Chart (a) will have the most frequent itemsets, since there is always 10% items:transactions ratio.
(b) Which data set(s) will produce the fewer number of frequent itemsets?
Charts (b) and (d) seem the most different from chart (a), making them the logical choice. However, (b) has a very small number of items in a high number of transactions, making it somewhat likely to have frequent itemsets. This leaves chart (d).
(c) Which data set(s) will produce the longest frequent itemset?
Chart (b) has the longest vertical bar at around 150 items, so it would seem that it would have the longest frequent itemset.
(d) Which data set(s) will produce frequent itemsets with highest maximum support?
Chart (c) has 10,000 transactions with only about 25 items - a VERY high amount of support indeed.

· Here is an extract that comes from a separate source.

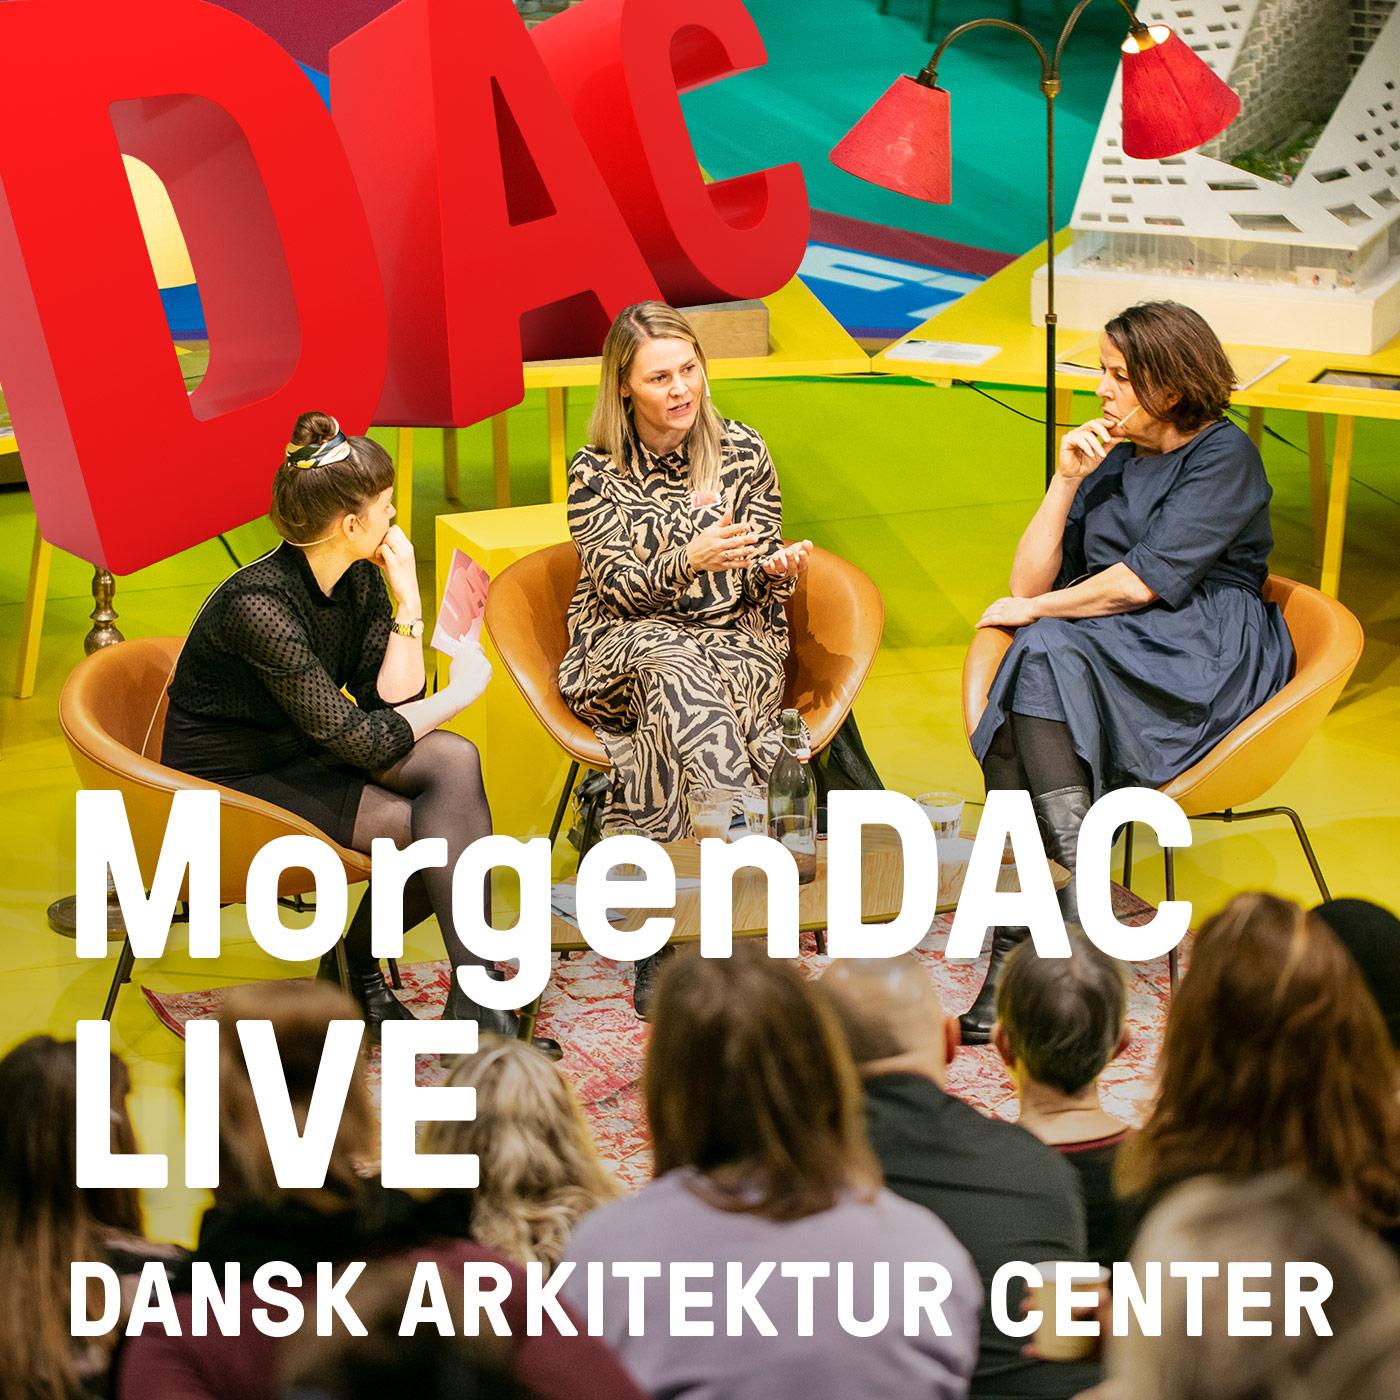 MorgenDAC LIVE show art

(e) Which data set(s) will produce frequent itemsets containing items with wide-varying support levels (i.e., items with mixed support, ranging from less than 20% to more than 70%)?
Chart (e) is all over the map, so to speak - sometimes we have high numbers of transactions with low numbers of items, and other times we have high transactions with high item counts. This could lead to mixed support for itemsets.